2 ayda 498 bin 429 kişi işsizlik maaşına başvurdu

Ancak 2025 yılında işsizlik maaşı için müracaata bulunanların sayısında çok ciddi bir atış var. Sadece iki ayda 498 bin 429 kişi kendi arzu ve isteği dışında işten çıkmış yani işten çıkartılmış ve işsizlik maaşı için müracaatta bulunmuş.

2023-2024 yılında ortalama 135 bin 000 kişi aylık işsizlik maaşı için müraca­atta bulunurken 2025 yılında aylık mü­racaat sayısı ortalama 249 bin 215 kişiye çıkmış durumda, bu da aslında ekonomi­de yaşanan daralmanın etkilerinin işsiz­lik verilerine yansıyacağını bize göster­mektedir.

Faizlerin yükselmesi yatırımları azal­tıyor aynı zamanda ekonomide yaşanan durgunluk üretimi de azaltıyor.
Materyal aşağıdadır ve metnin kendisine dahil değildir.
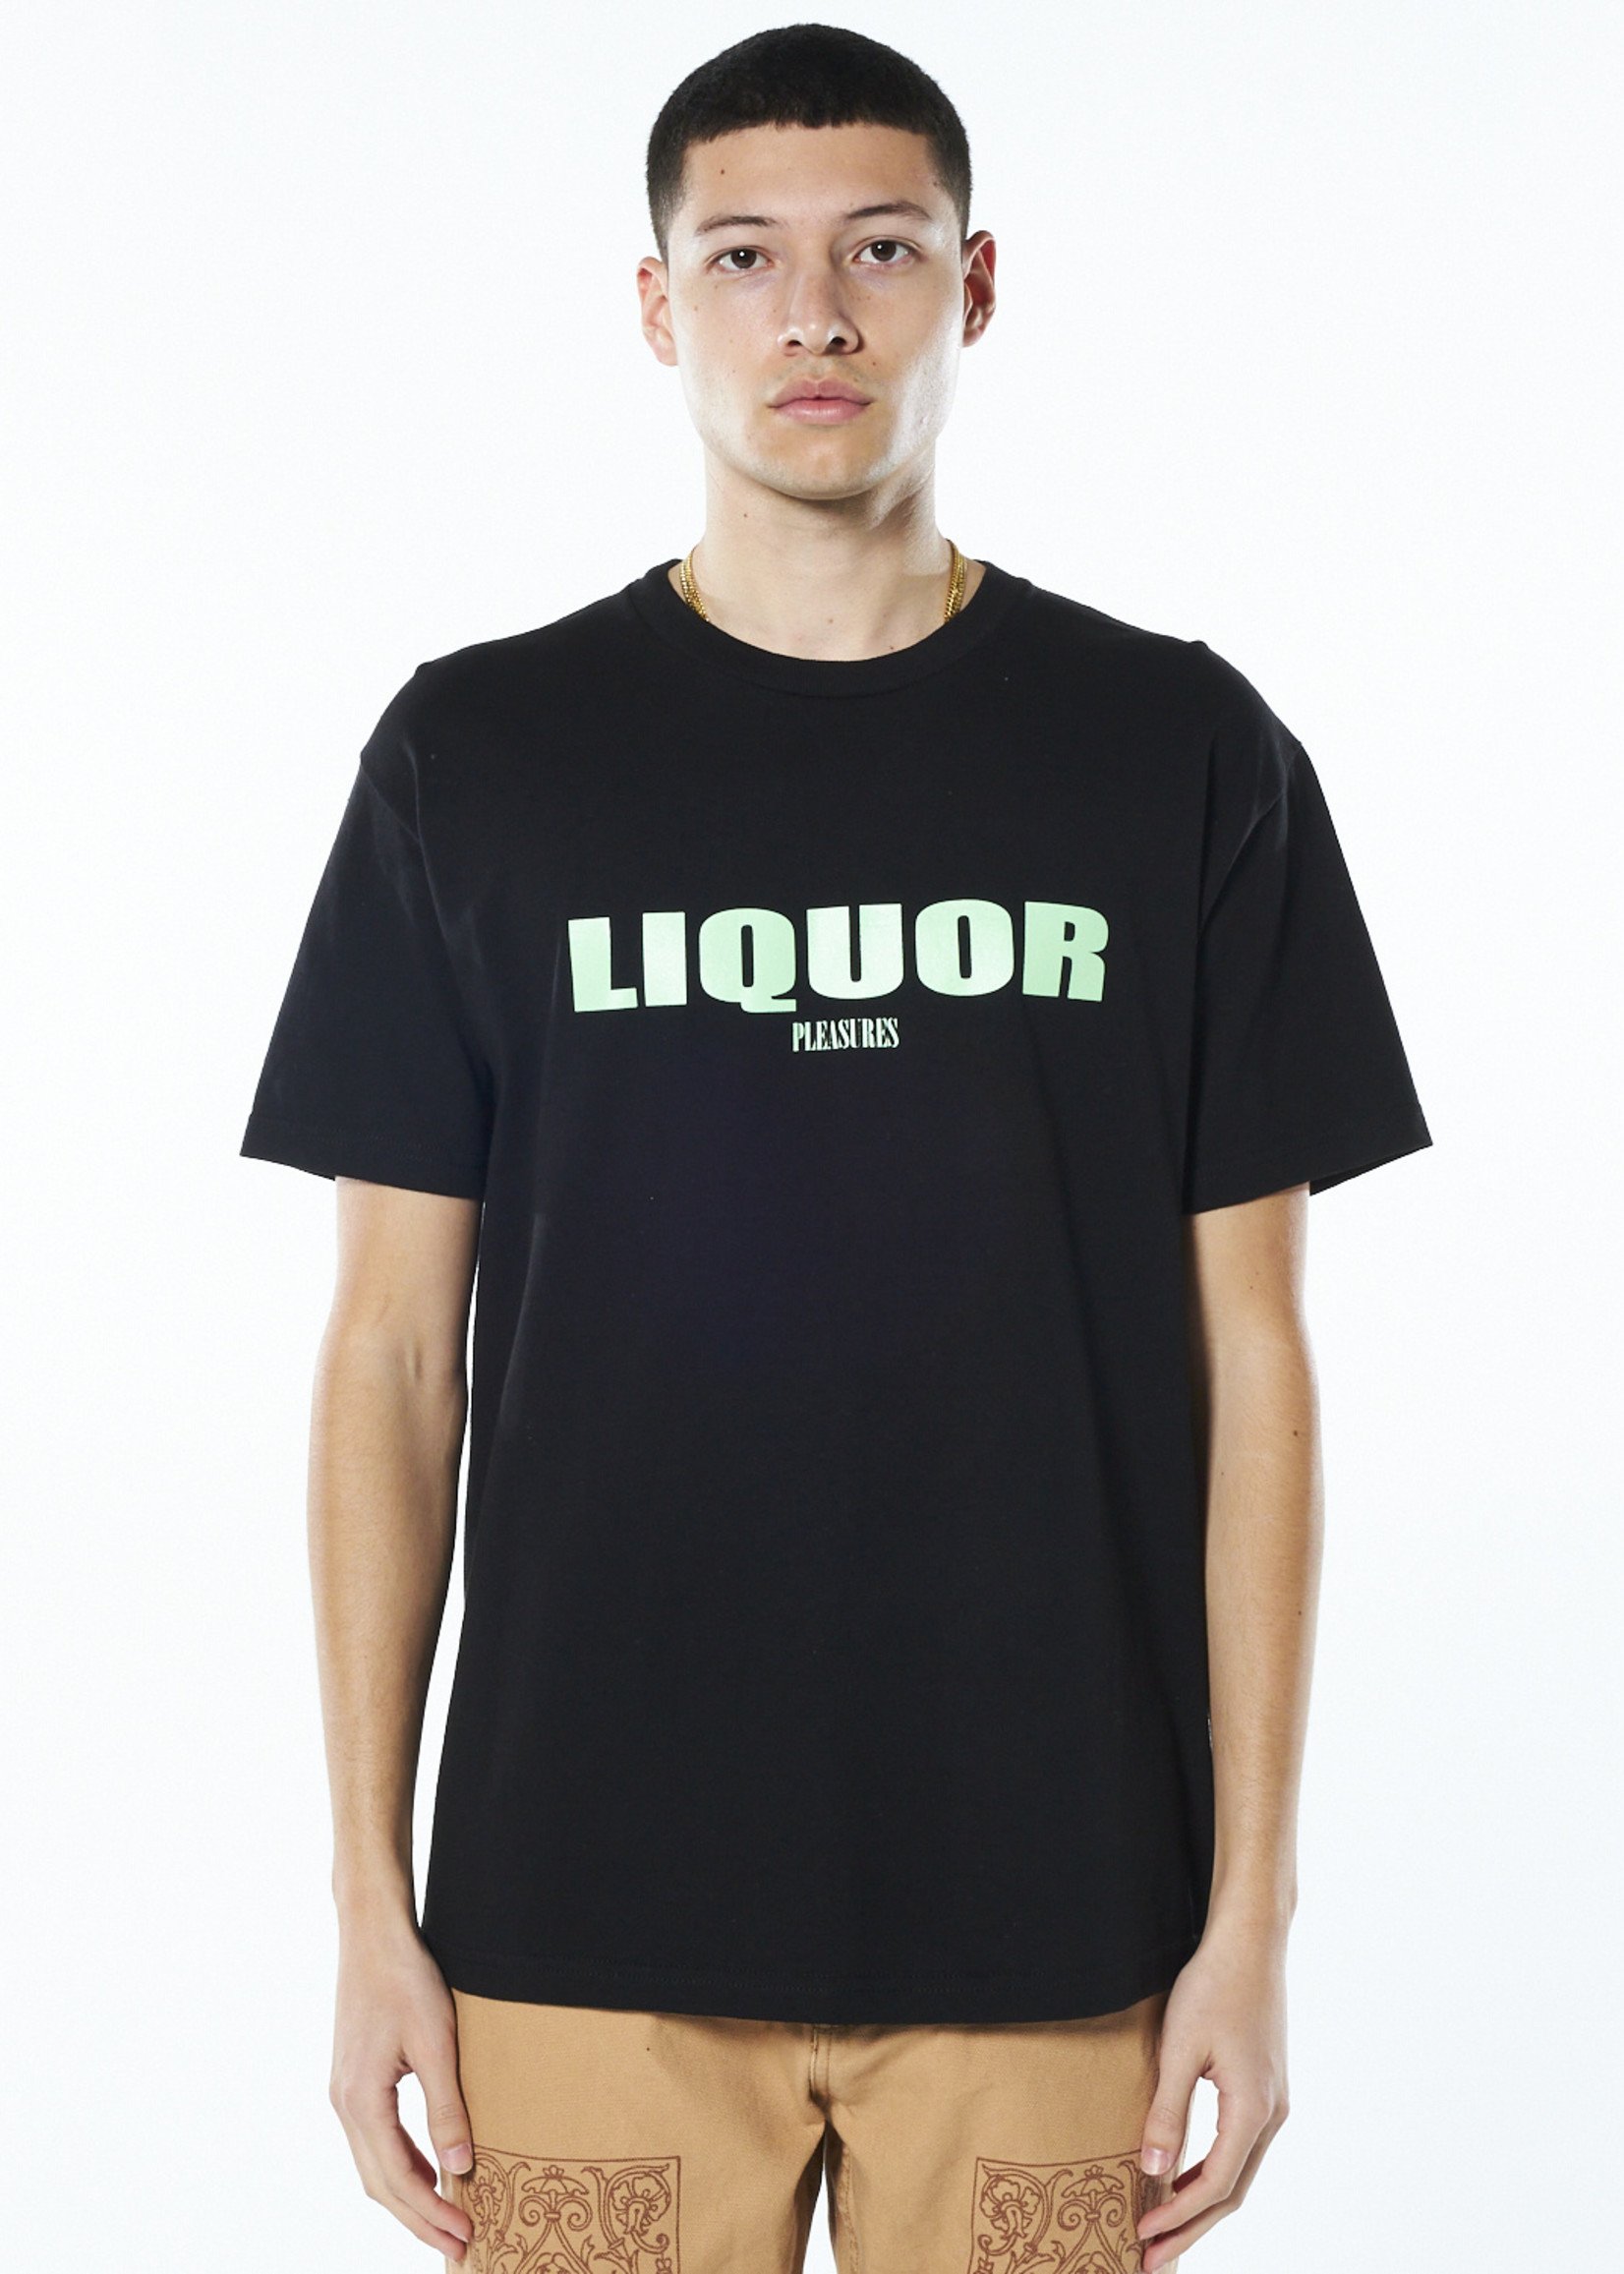 PLEASURES Liquor T-shirt in Black

Yatırı­mın ve üretimin azalmasının sonucunda işsizlik kaçınılmaz oluyor.

Çünkü yatırım ve üretimde daralma iş­sizliğin artmasına doğrudan etki eder.
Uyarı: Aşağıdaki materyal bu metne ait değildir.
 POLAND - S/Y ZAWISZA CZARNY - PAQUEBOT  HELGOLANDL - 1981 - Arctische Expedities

Üretim yoksa ya da önceki dönemlere göre az ise çalışana daha az ihtiyaç olma­sı anlamına geliyor.

Ülkemizde yaşanan ekonomik kriz ve uygulanan para ve maliye politikaları ile işletmeler küçülme politikası ile geçi­ci önlemler almaya çalışırlar. Küçülmek demek maliyetlerin kısılması anlamını taşır. Maliyetlerin kısılması durumunda işçi çıkartmaları ilk düşünülen önlem­dir.
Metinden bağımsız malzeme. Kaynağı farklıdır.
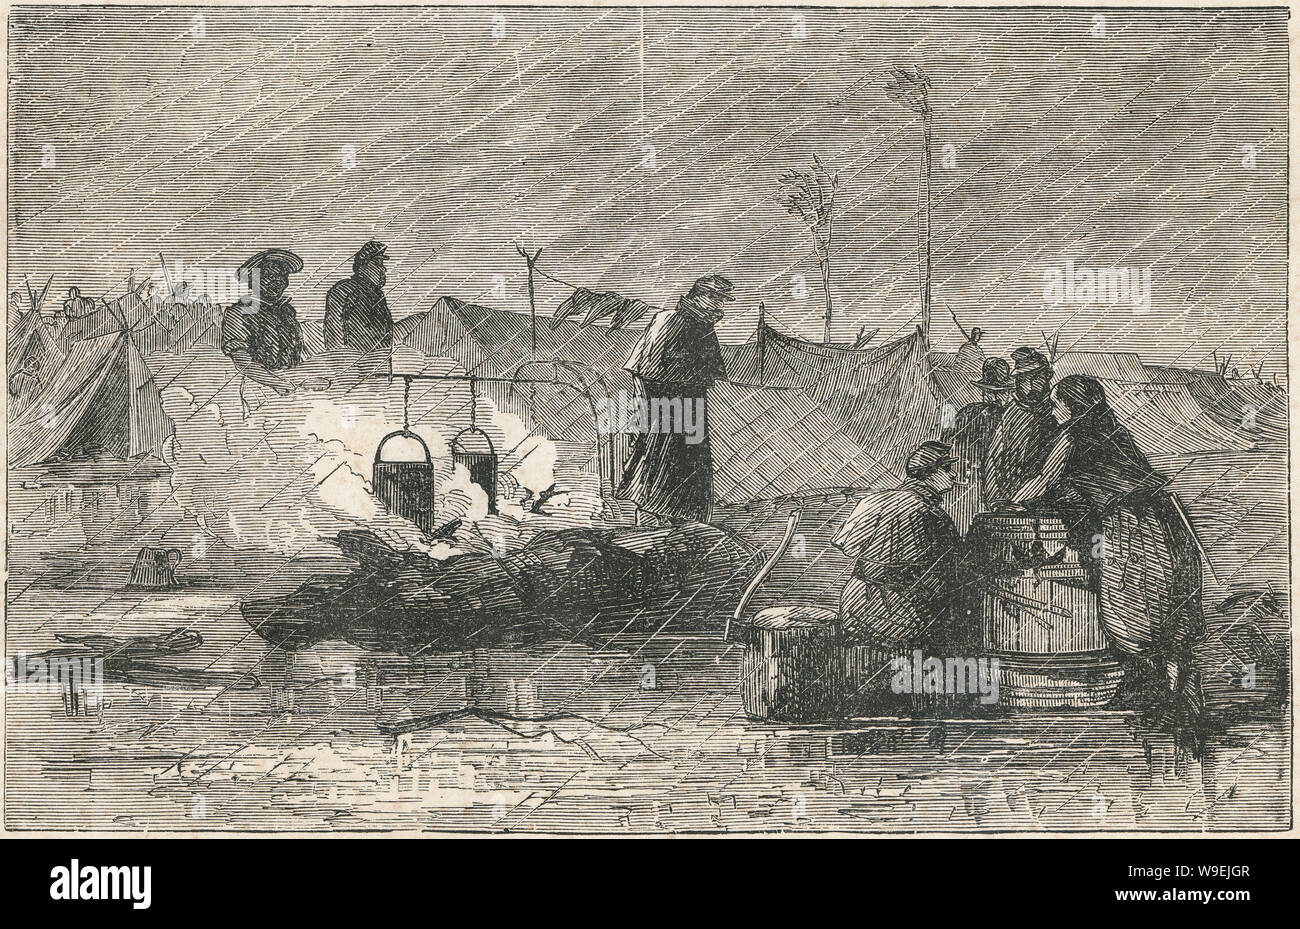 Antiguo grabado de 1873, "la vida del campamento" mostrando una unión de los soldados de la Guerra Civil americana en la lluvia. Fuente: Grabado original Foto de stock

2025 yılının ilk iki ayında bu durum İŞKUR verilerine yansımış durumdadır. Özellikle 2025/Şubat ayında işsizlik ma­aşı için müracaatta bulunanların sayısı­nın 321 bin 418 kişiye hızlı bir artış ile çıkması, işletmelerin güvensizlik ve be­lirsizlik karşısında işçi çıkarma yolunu tercih ettiklerini göstermektedir.

3 yılda 600 prim günü zorunluluğu

İşini kaybeden herkes işsizlik maa­şı alamıyor, işsizlik maaşı için son 3 yıl içinde en az 600 prim gün sayısının ol­ması ve kendi arzu ve isteği dışında işten ayrılması yani işten çıkartılması gereki­yor.

İşsizlik maaşı için müracaatta bulunan kişilerin düzenli çalışanlar olarak bili­nen, bir iş yerinde uzun süre çalışmayı tercih eden, işini kaybetmek istemeyen, işverenin işten çıkarmaması durumun­da işine devam etmek isteyen kişiler ol­duğunu bilmek gerekiyor.

Kısacası, işsizlik maaşı başvurularının artması, ekonomik sağlığın bozulduğuna dair erken bir uyarı işareti olarak yorum­lanır.

2025 yılının ilk iki ayında karşımıza çıkan bu verilerin çok önemli olduğunu bundan sonraki aylarda ortaya çıkacak verileri de takip ederek sizlerle paylaşa­cağım.